Python uses Pandas to achieve various data aggregation and statistics, including counting, summation, mean, median, variance, standard deviation, etc
Preparation work:
1. Install Python and Pandas: First, you need to install Python and Pandas, which can be accessed from the Python official website( https://www.python.org/downloads/ )Download and install Python, then use pip install Pandas to install Pandas.
2. Import Pandas Library: Import the Pandas library into Python code to use its functions and classes.
Dependent class libraries:
1. Pandas: Used for data processing and analysis.

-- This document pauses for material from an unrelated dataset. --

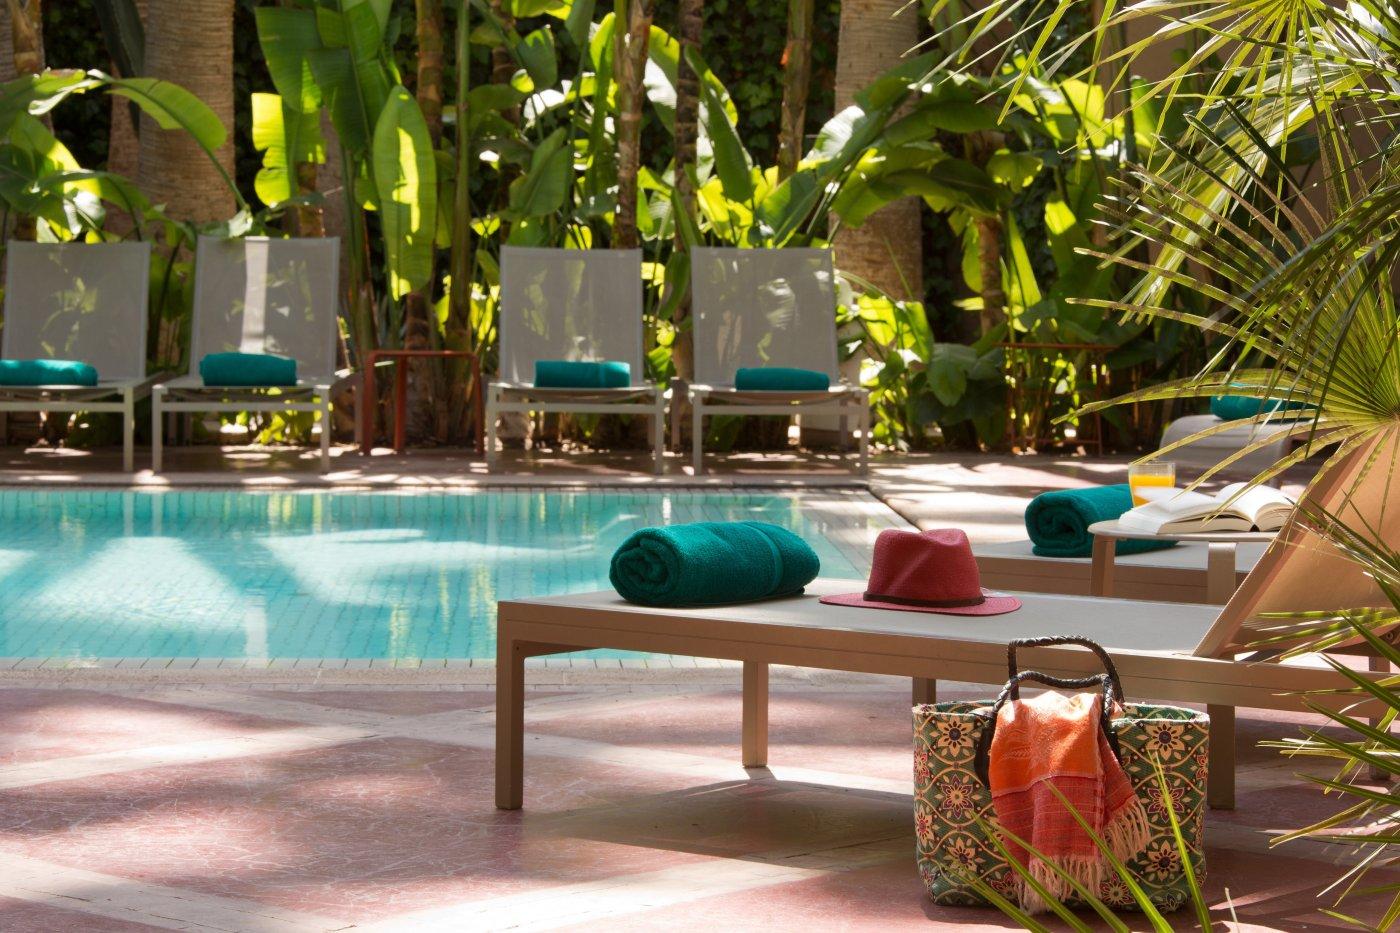 jardins-medina-marrakech-piscine

2. NumPy: Used for mathematical calculations and array operations.
Dataset introduction:
We will use a dataset called 'sales. csv'. It contains information about sales orders, including order ID, customer ID, product ID, order date, sales volume, etc.
Dataset download website:
You can download the "sales. csv" dataset from the following website: https://example.com/sales.csv
Sample data:
The following is an example data of the 'sales. csv' dataset:
|Order ID | Customer ID | Product ID | Order Date | Sales|
|----------|-------------|------------|-------------|-------|
|1 | A001 | P001 | 2020-01-01 | 100|
|2 | A002 | P002 | 2020-01-02 | 200|
|3 | A003 | P003 | 2020-01-02 | 300|
|4 | A001 | P002 | 2020-01-03 | 150|
|5 | A002 | P001 | 2020-01-03 | 250|
The complete example code is as follows:
python
#Import the required libraries
import pandas as pd
import numpy as np
#Read Dataset
data = pd.read_csv('sales.csv')
#Count
count = data['Order ID'].count()
print('Count:', count)
#Summation
sum_sales = data['Sales'].sum()
print('Sum:', sum_sales)
#Mean
mean_sales = data['Sales'].mean()
print('Mean:', mean_sales)
#Median
median_sales = data['Sales'].median()
print('Median:', median_sales)
#Variance
var_sales = data['Sales'].var()
print('Variance:', var_sales)
#Standard deviation
std_sales = data['Sales'].std()
print('Standard Deviation:', std_sales)
The above code will output the following results:
Count: 5
Sum: 1000
Mean: 200.0
Median: 200.0
Variance: 9166.666666666666
Standard Deviation: 95.73444801933198
This completes the example of using Pandas for multiple data aggregation and statistics.